I have the dubious honour of first to stand at the foot of the tree the morning after it was published. However, on that occasion, with no indication of where the cache might be and a strong wind blowing I did not feel inclined to attempt it. Naturally, it went on my watch list and I perused all logs with interest, knowing in my heart that I would have to return at some point.
Well, the months rolled by and the leaves fell to the ground and last Sunday I thought I should have another look. Regrettably, still no sign of the cache so time to get aloft. It is not the easiest of trees to get a rope into but after several tries I am satisfied and make the long ascent, with many pauses to rest. By the time the light fades I have only eliminated a couple of trunks but have some ideas where I need to get next time.
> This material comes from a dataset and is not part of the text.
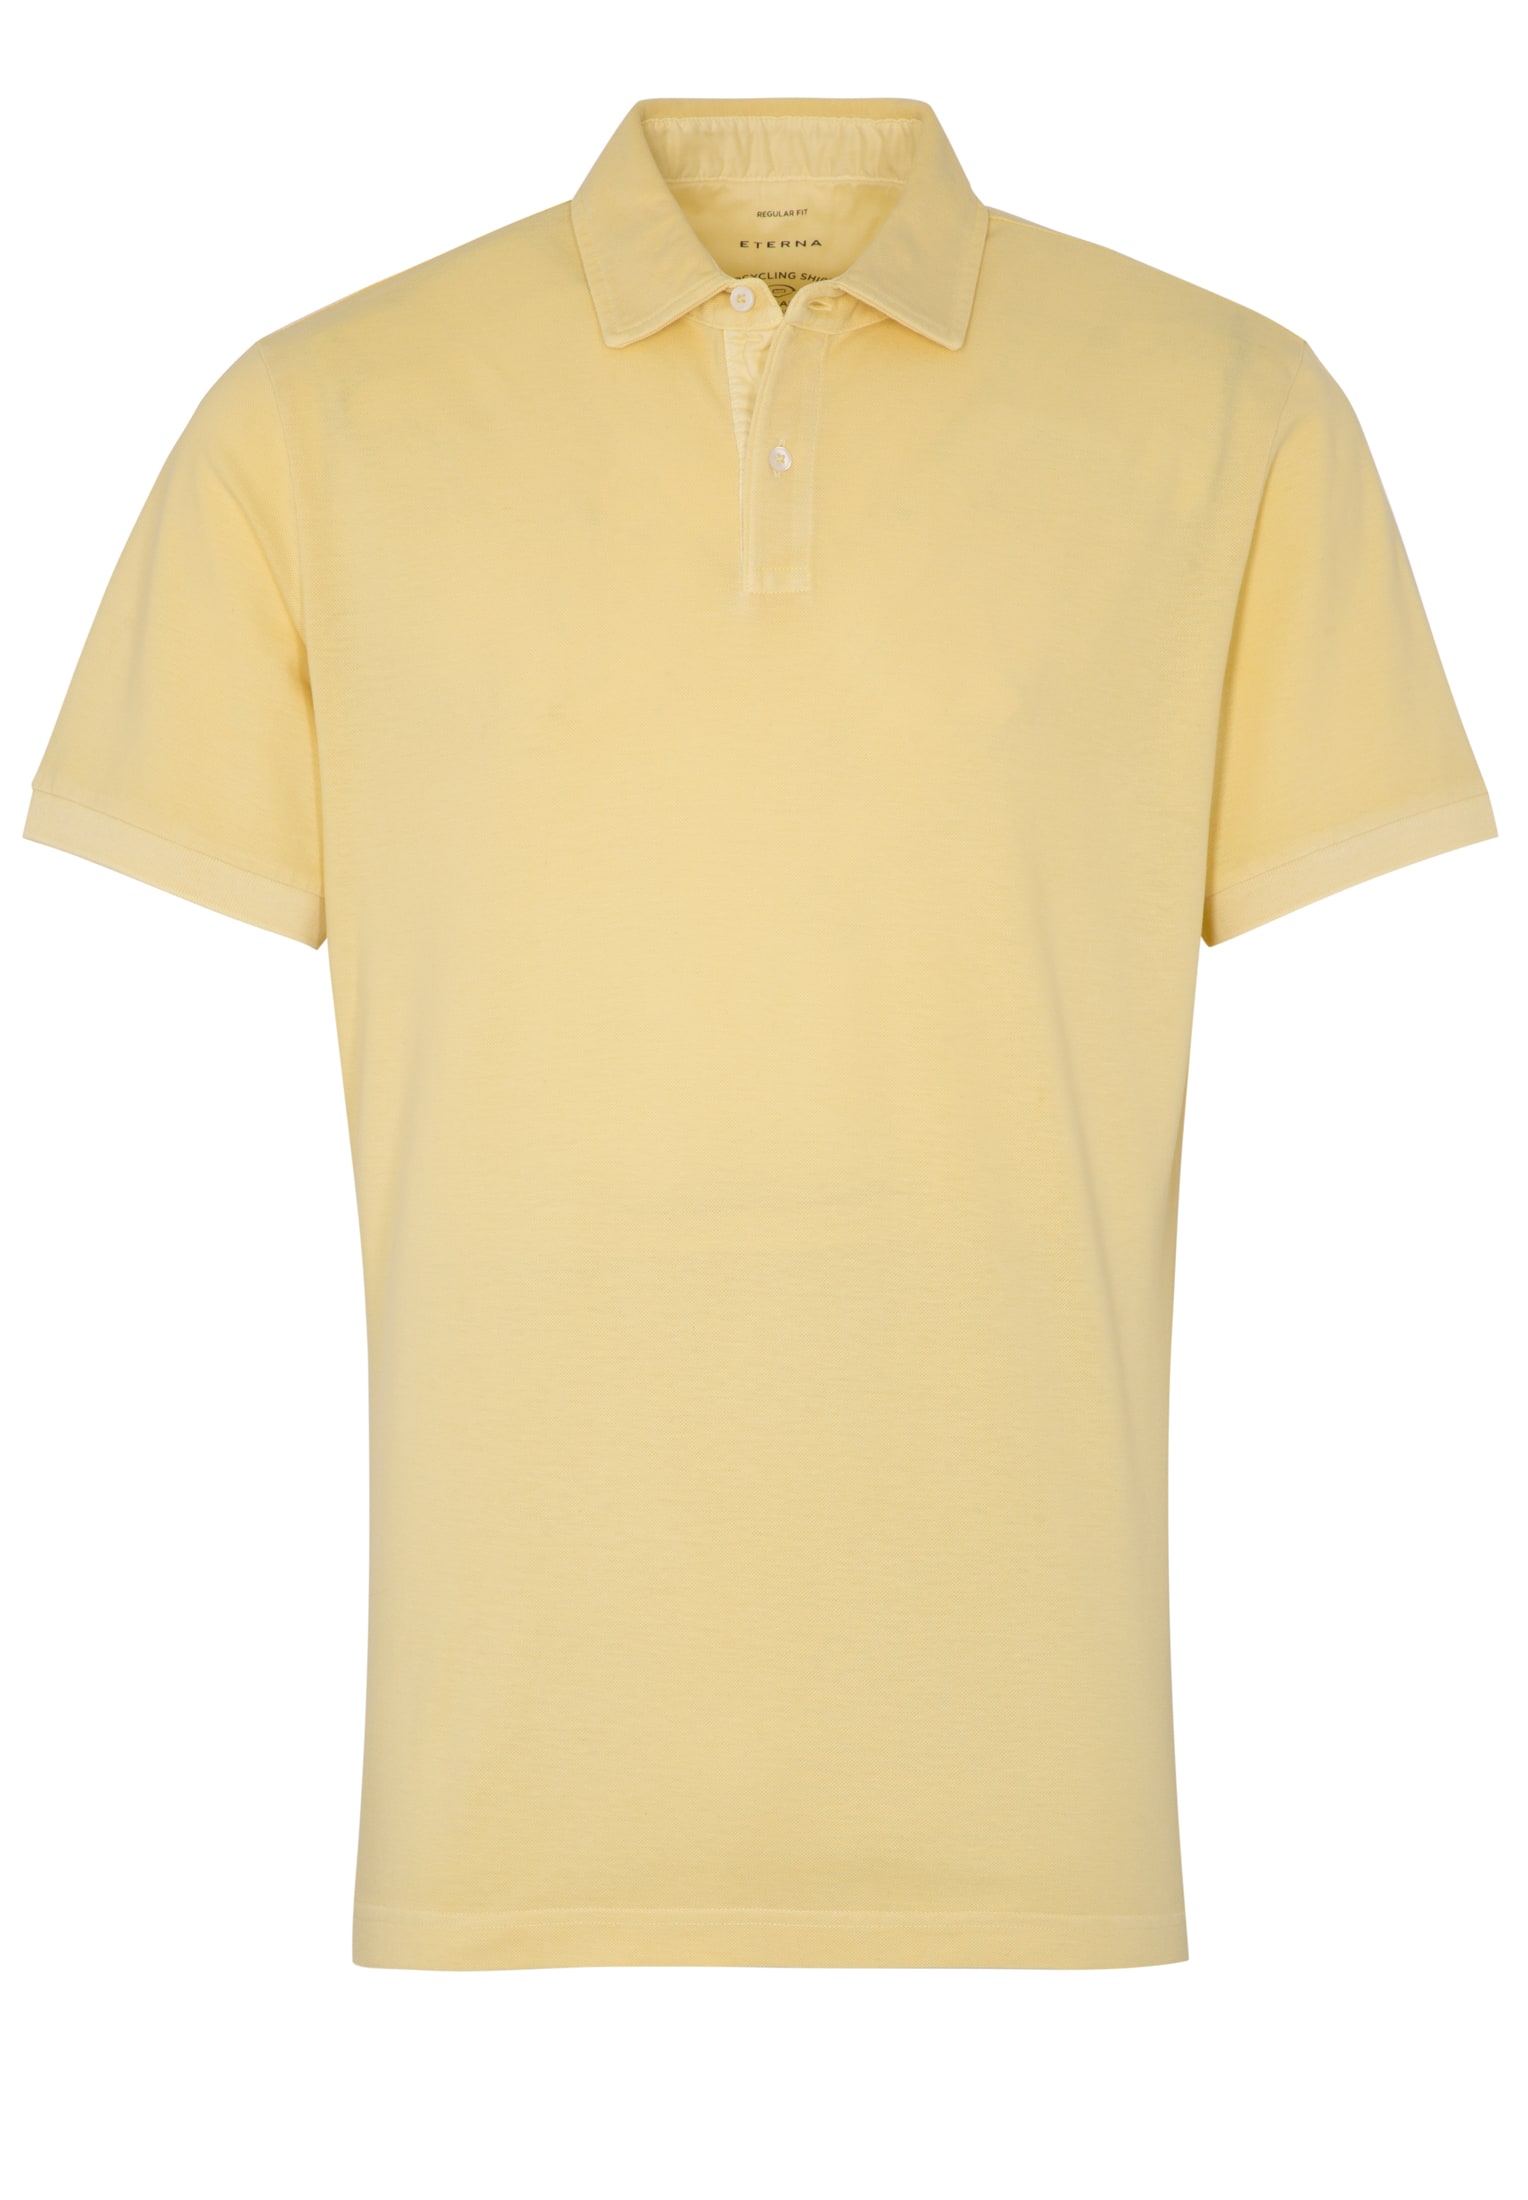 MODERN FIT unifarben 4XL | gelb | | Kurzarm 1SP00087-07-01-4XL-1/2 Poloshirt in gelb 
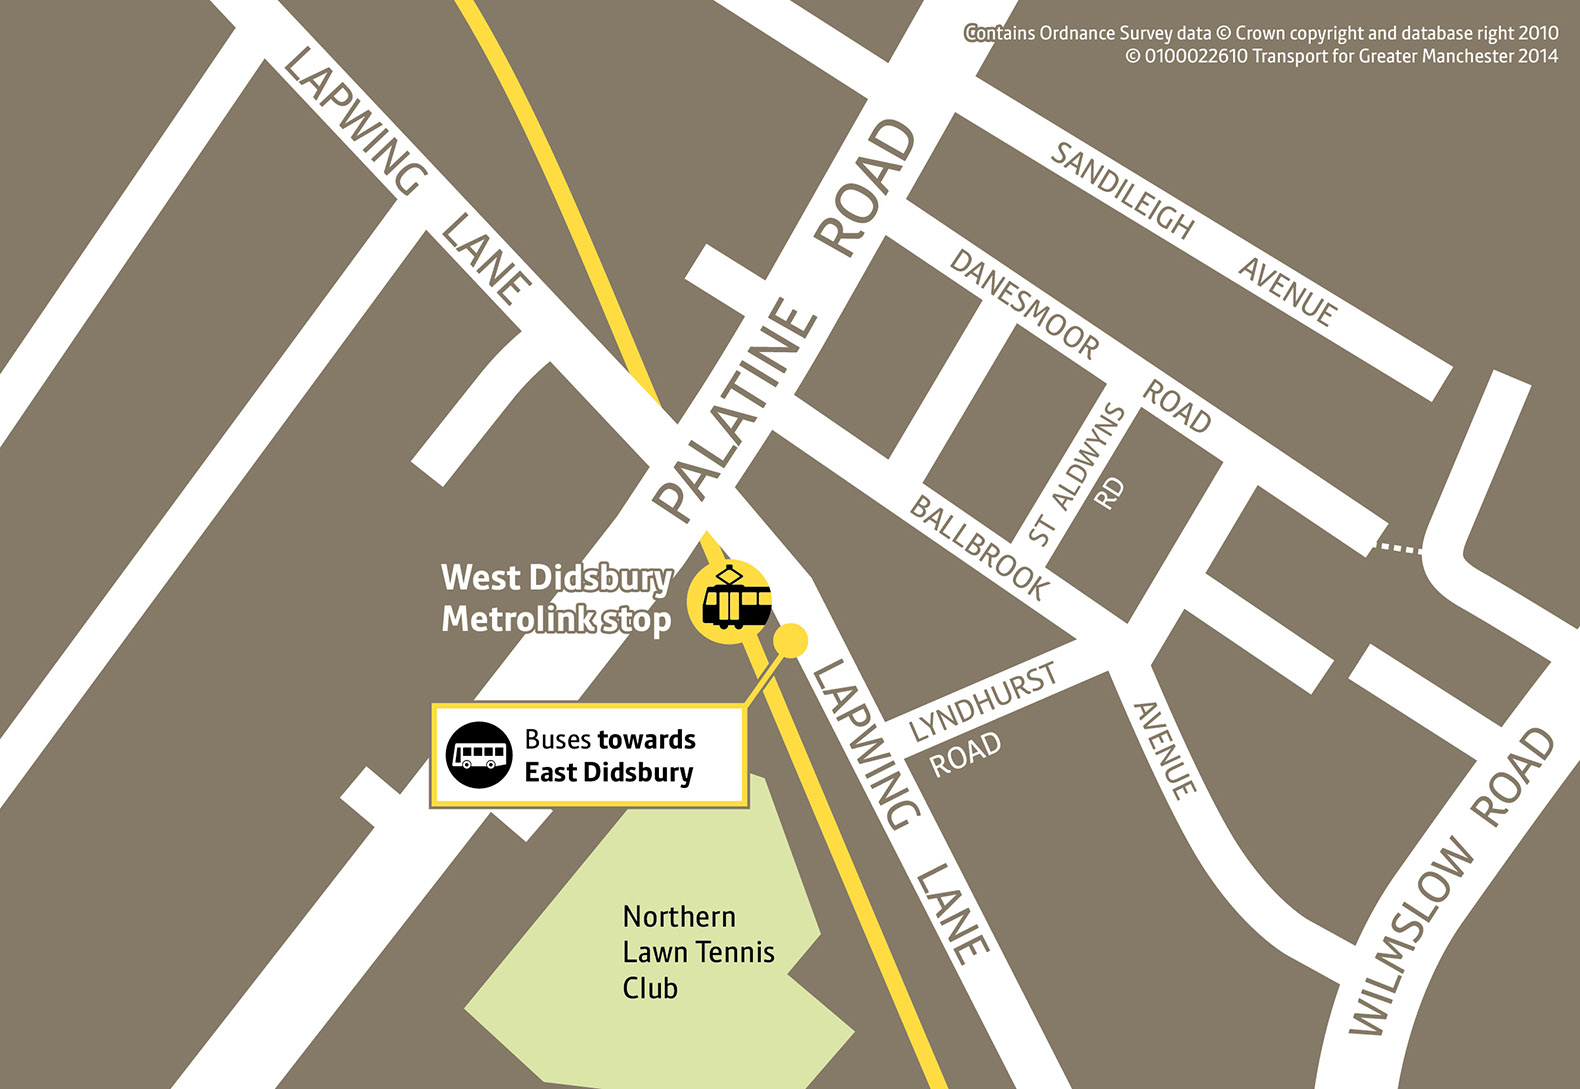 West Didsbury Metrolink bus replacement stop

Back again today and I decide to follow a hunch, based on experience and what I think I might have seen on the last visit. Careful scrutiny with binoculars is inconclusive so I shall just have to go and see. Once more it takes several attempts to get the rope just right but I am gaining proficiency with the Big Shot. And this time, there it is! Sign the log, taking extreme care not to drop anything, and make my way carefully back to terra firma.
I am not sure how much time this has taken out of my life but if I measure home to home times across the three visits, it can't be less than seven hours! Is it worth a fav point? Well, in spite of all the grief it has given me, it spite of its true evilness, it must be.
PS. Very pleasingly, this find reduces to 45 the number of unfound caches I have within 10km of home, the lowest number since I started keeping records back in August 2008!